- [Data shown]
◇ ◇ ◇ ◇ ◇ ◇ ◇

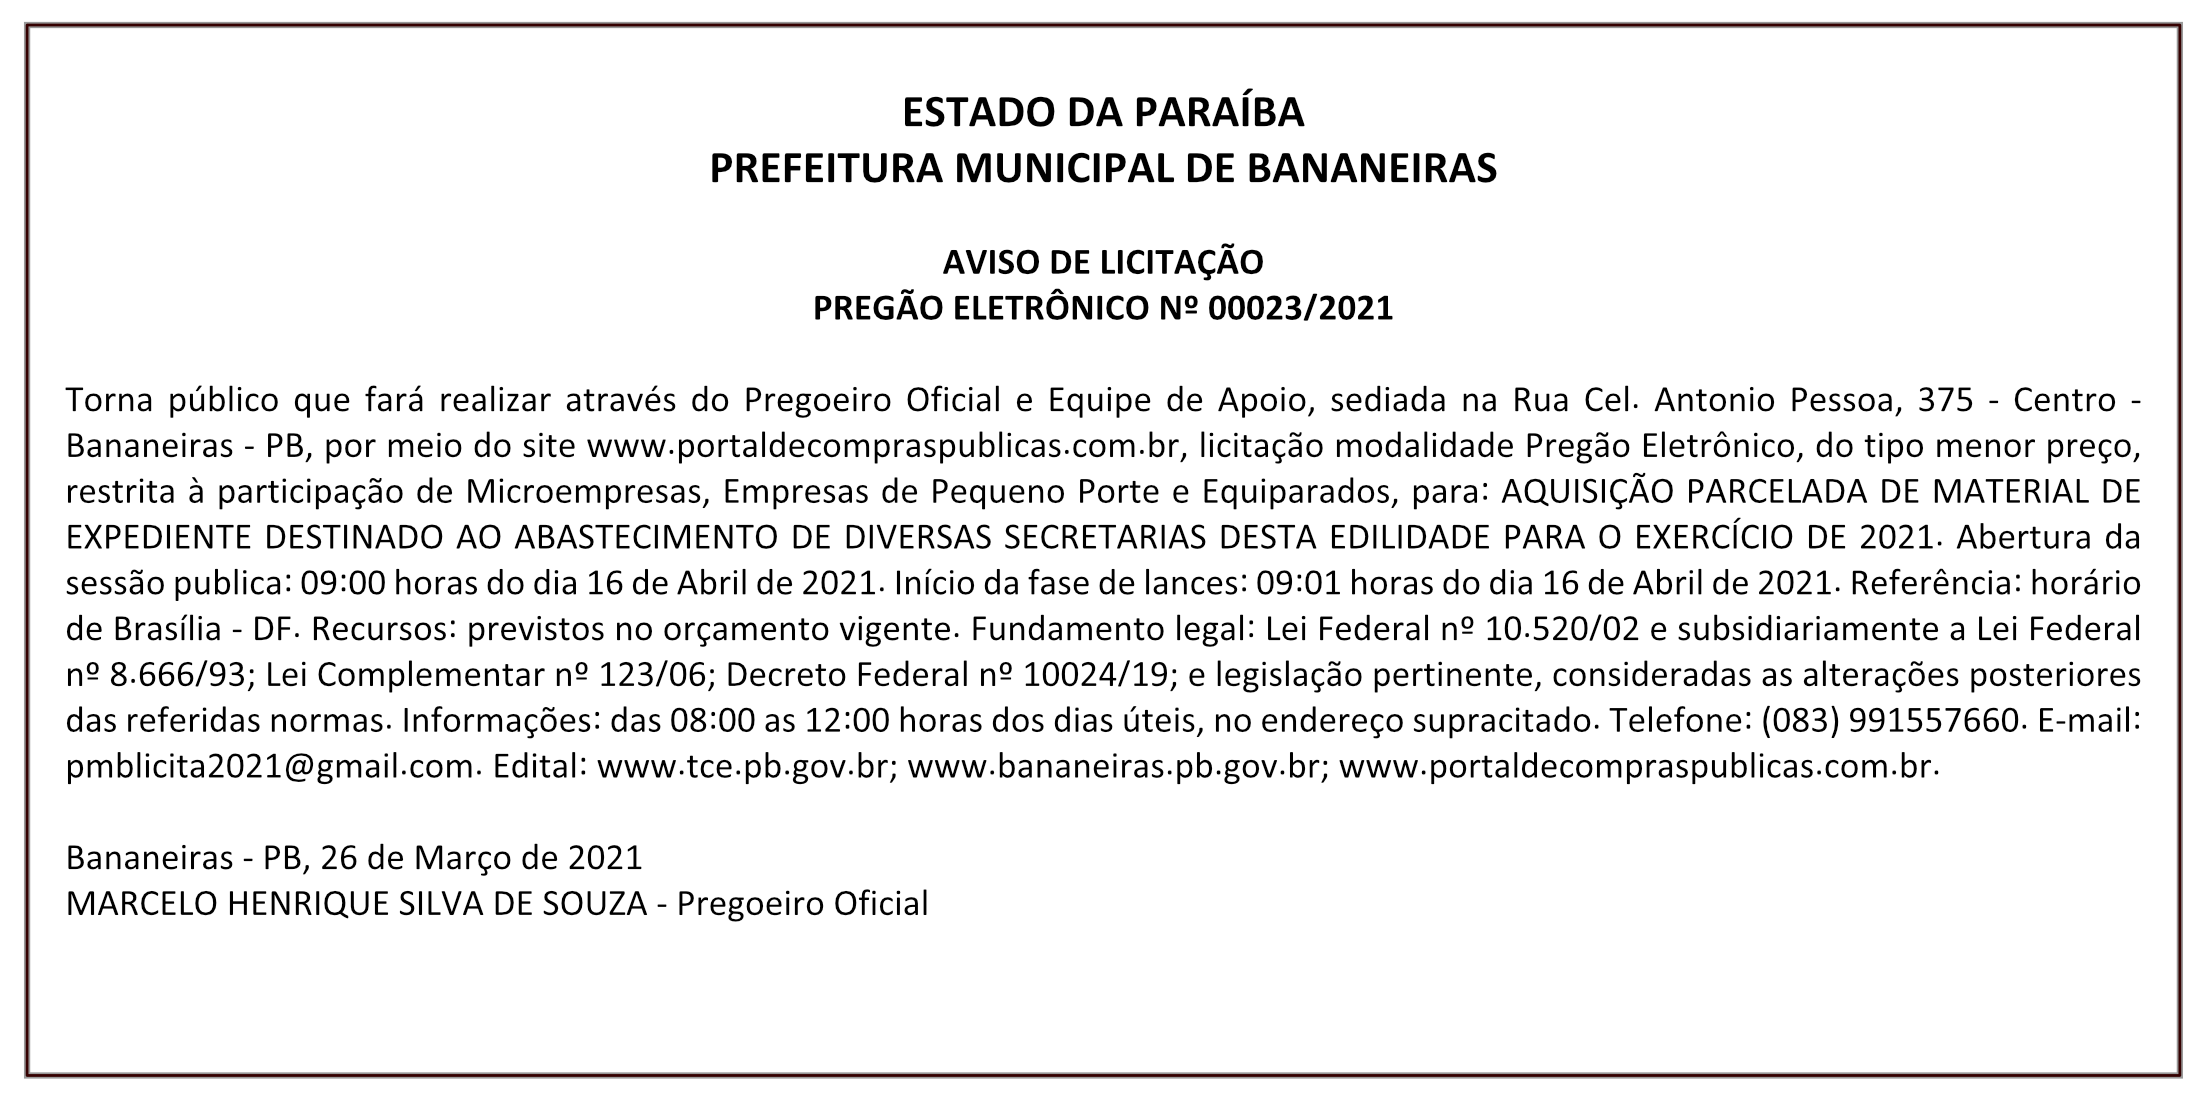 PREFEITURA MUNICIPAL DE BANANEIRAS – AVISO DE LICITAÇÃO – PREGÃO ELETRÔNICO Nº 00023/2021
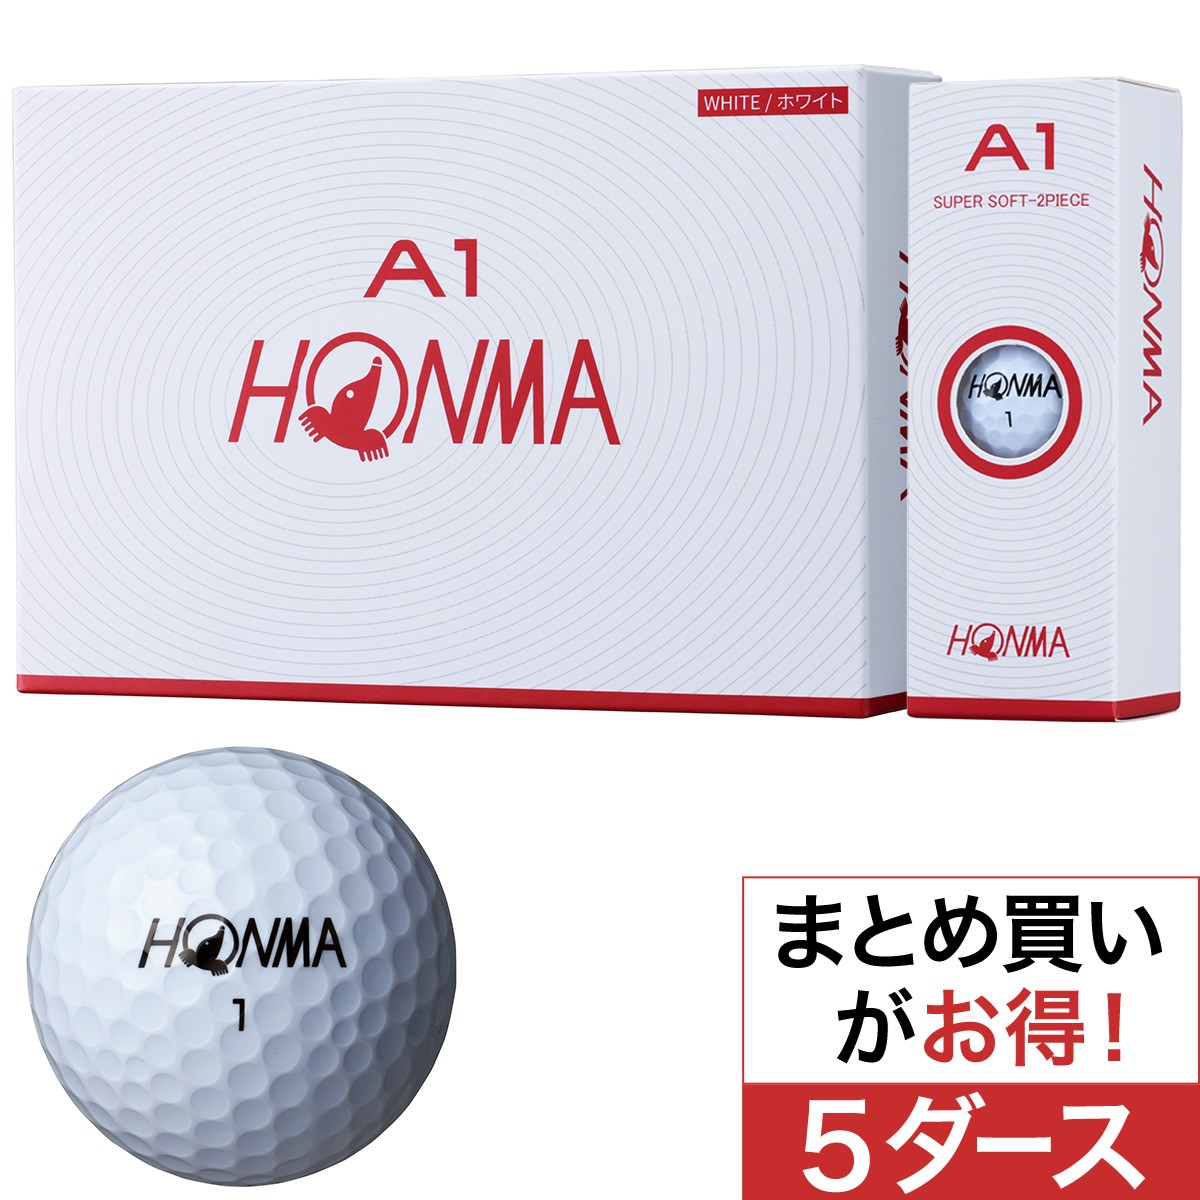 本間ゴルフ(HONMA GOLF) A1 ボール 5ダースセット 
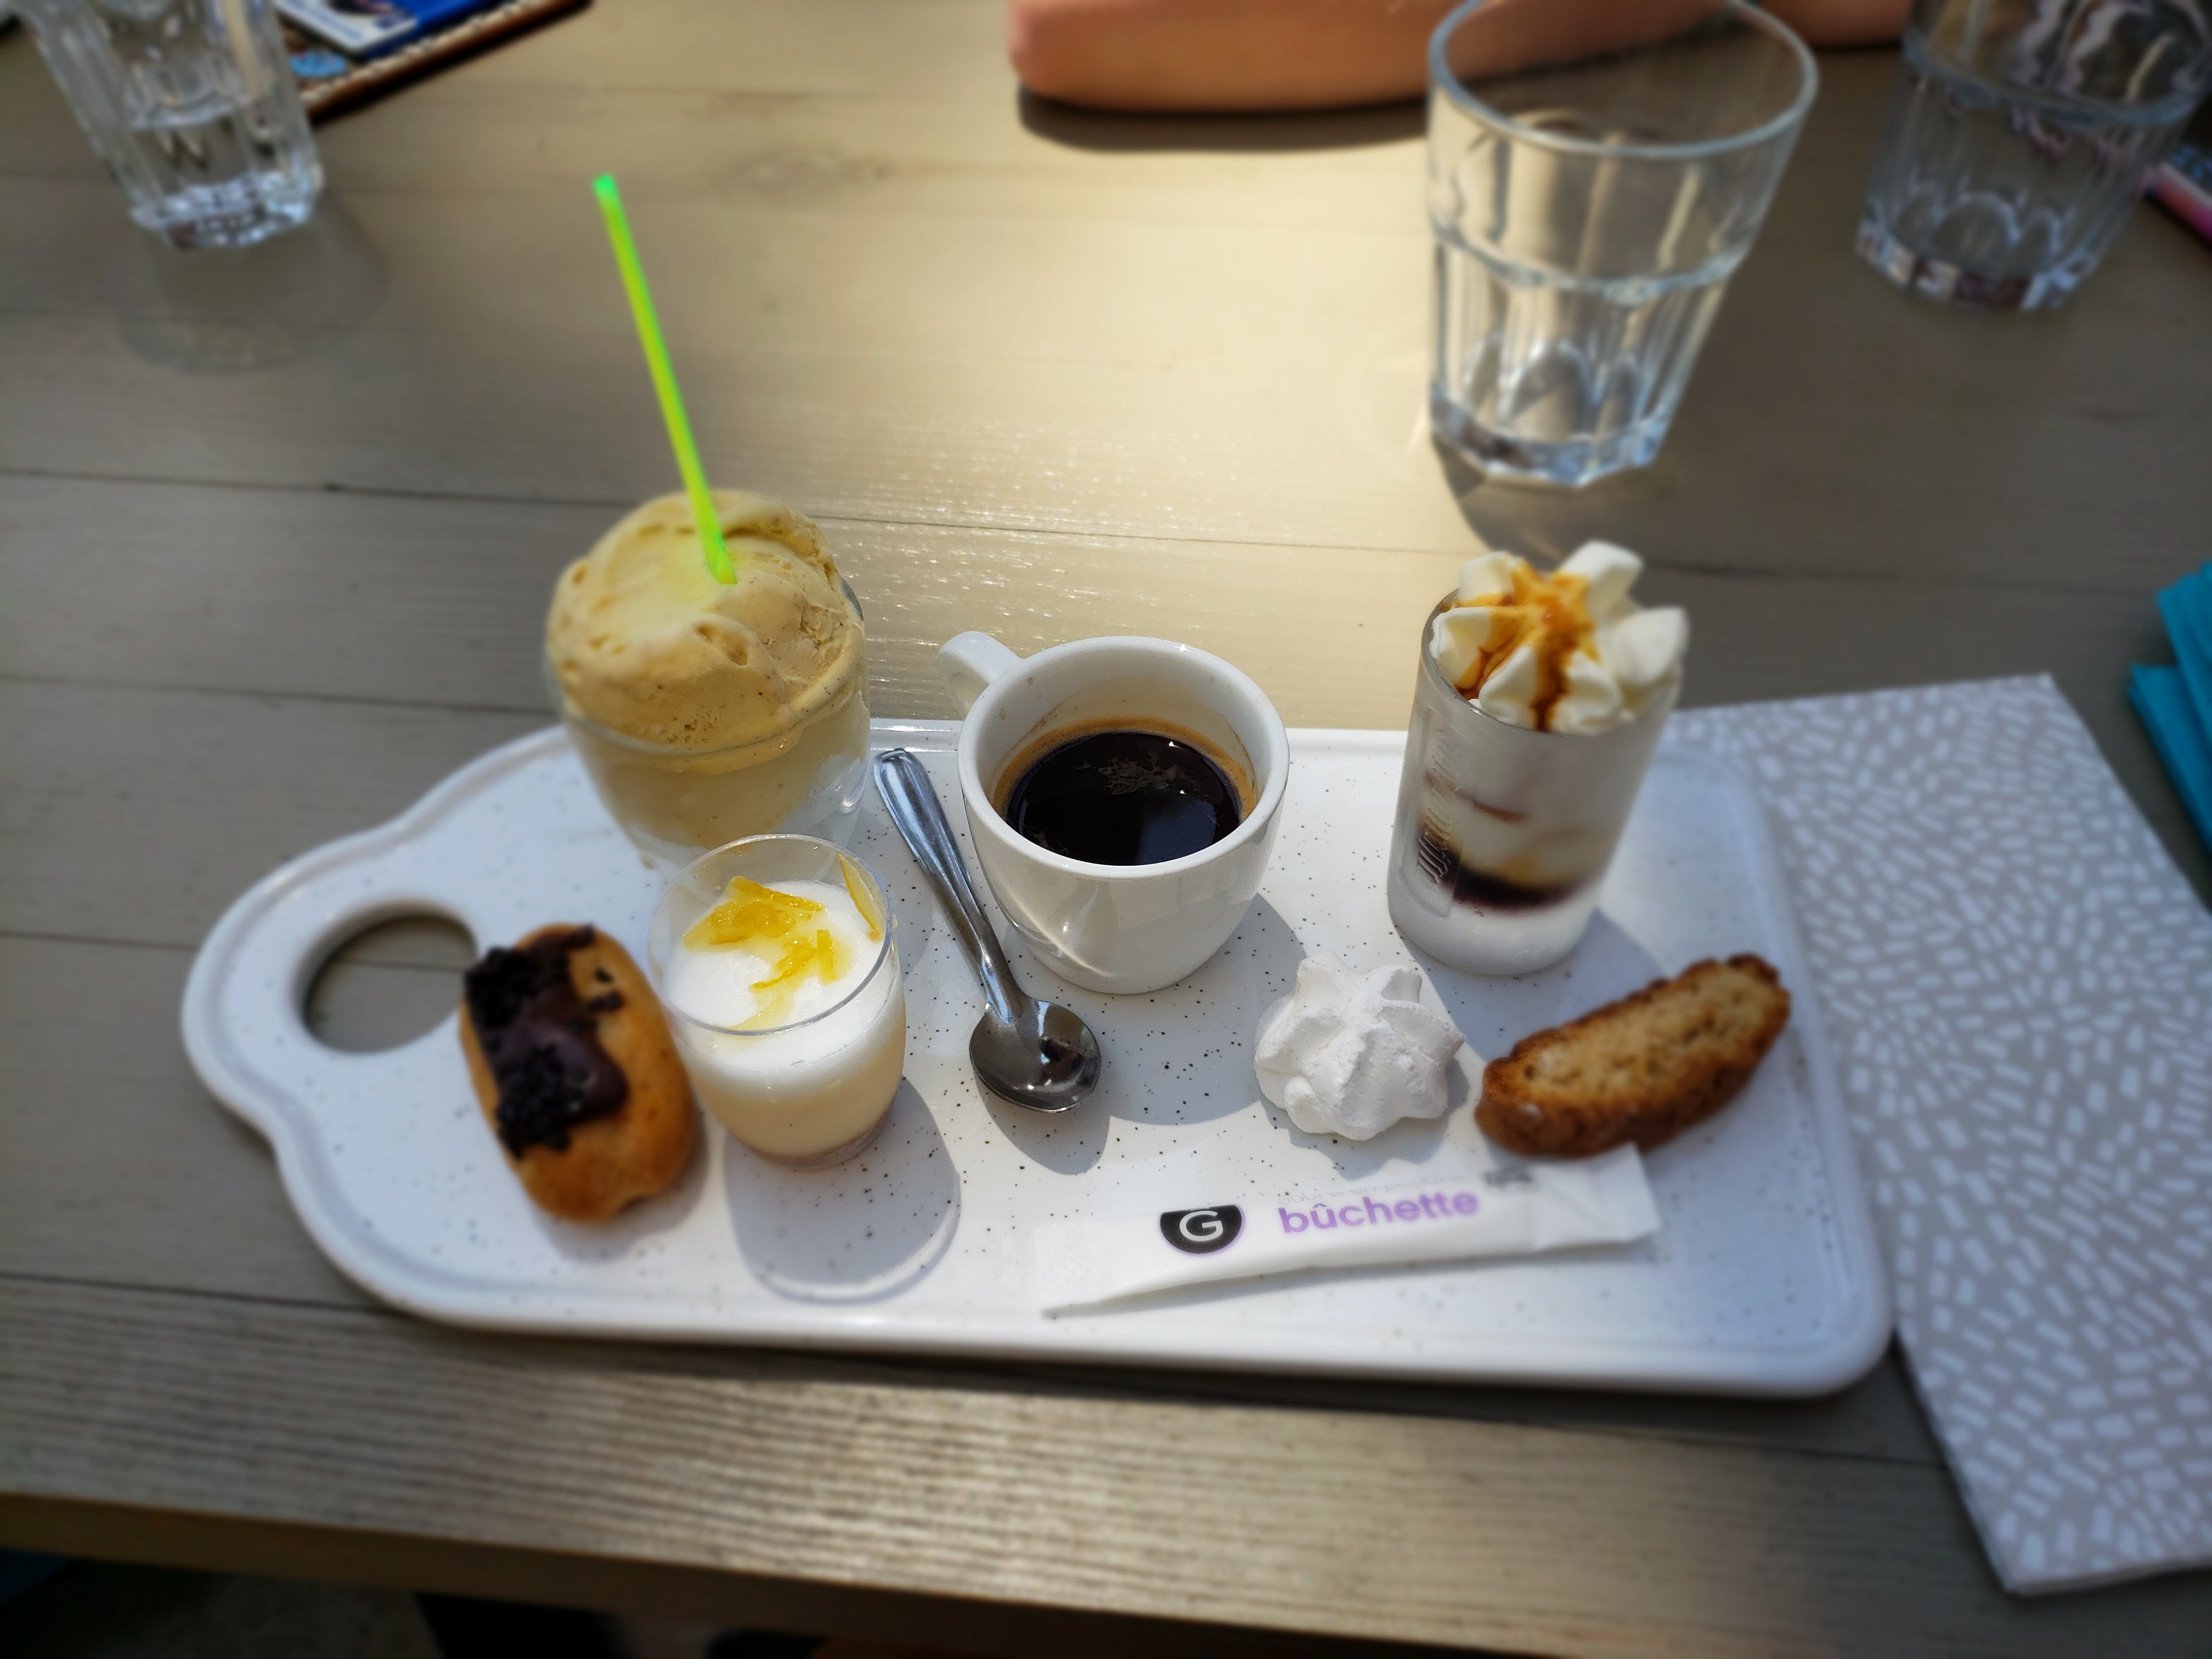 A “ café gourmand” dessert plate.

◇ ◇ ◇ ◇ ◇ ◇ ◇

- [Work request] Restate the listing word for word and drop the pictures.

- [Exercise answer]
 PREFEITURA MUNICIPAL DE BANANEIRAS – AVISO DE LICITAÇÃO – PREGÃO ELETRÔNICO Nº 00023/2021
 本間ゴルフ(HONMA GOLF) A1 ボール 5ダースセット 
 A “ café gourmand” dessert plate.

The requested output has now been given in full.